= Anding Commandery =

Historic commandery of China

Anding Commandery (安定郡 (Peaceful and Stable)) was a historical commandery of China, located in what is now eastern Gansu and southern Ningxia.

==History==
Anding commandery was carved out of Beidi in 114 BC. Its capital was Gaoping (高平, modern Guyuan, Ningxia). In late Western Han period, the commandery administered 21 counties: Gaoping (高平), Fulei (復累), Anbi (安俾), Fuyi (撫夷), Chaona (朝那), Jingyang (涇陽), Linjing (臨涇), Lu (鹵), Wushi (烏氏), Yinmi (陰密), Anding (安定), Candu (參讀), Sanshui (三水), Yinpan (陰槃), Anwu (安武), Zuli (祖厲), Yuande (爰得), Xuanjuan (眴卷), Pengyang (彭陽), Chunyin (鶉陰) and Yuezhidao (月支道). The total population in 2 AD was 143,294 (42,725 households). The Eastern Han census in 140 AD, however, documented a population of only 29,060 (6,094 households), and the number of counties had reduced to 8.

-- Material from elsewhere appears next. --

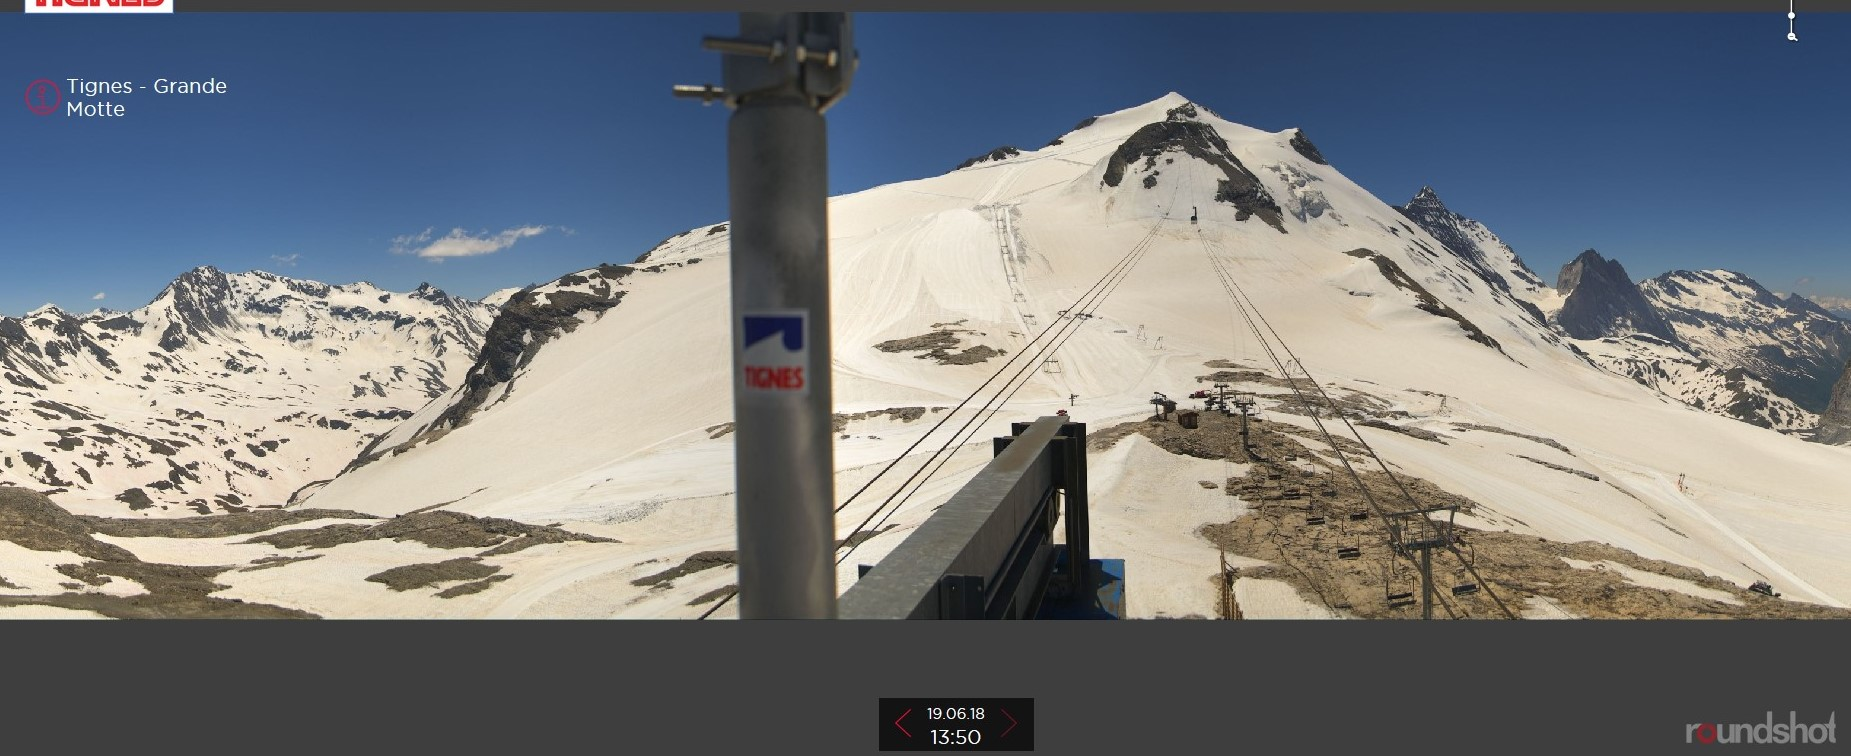 Nowcasting nivoglaciale Alpi estate 2018-grande-motte-19.06.18.jpg

Due to attacks by the Qiang people, the commandery's administration was relocated to Youfufeng from 111 to 129. Anding was moved permanently to Youfufeng in 141 after another wave of Qiang attacks, and the original territories were eventually abandoned. In 280 AD, the commandery had 7 counties, with a total population of 5,500 households.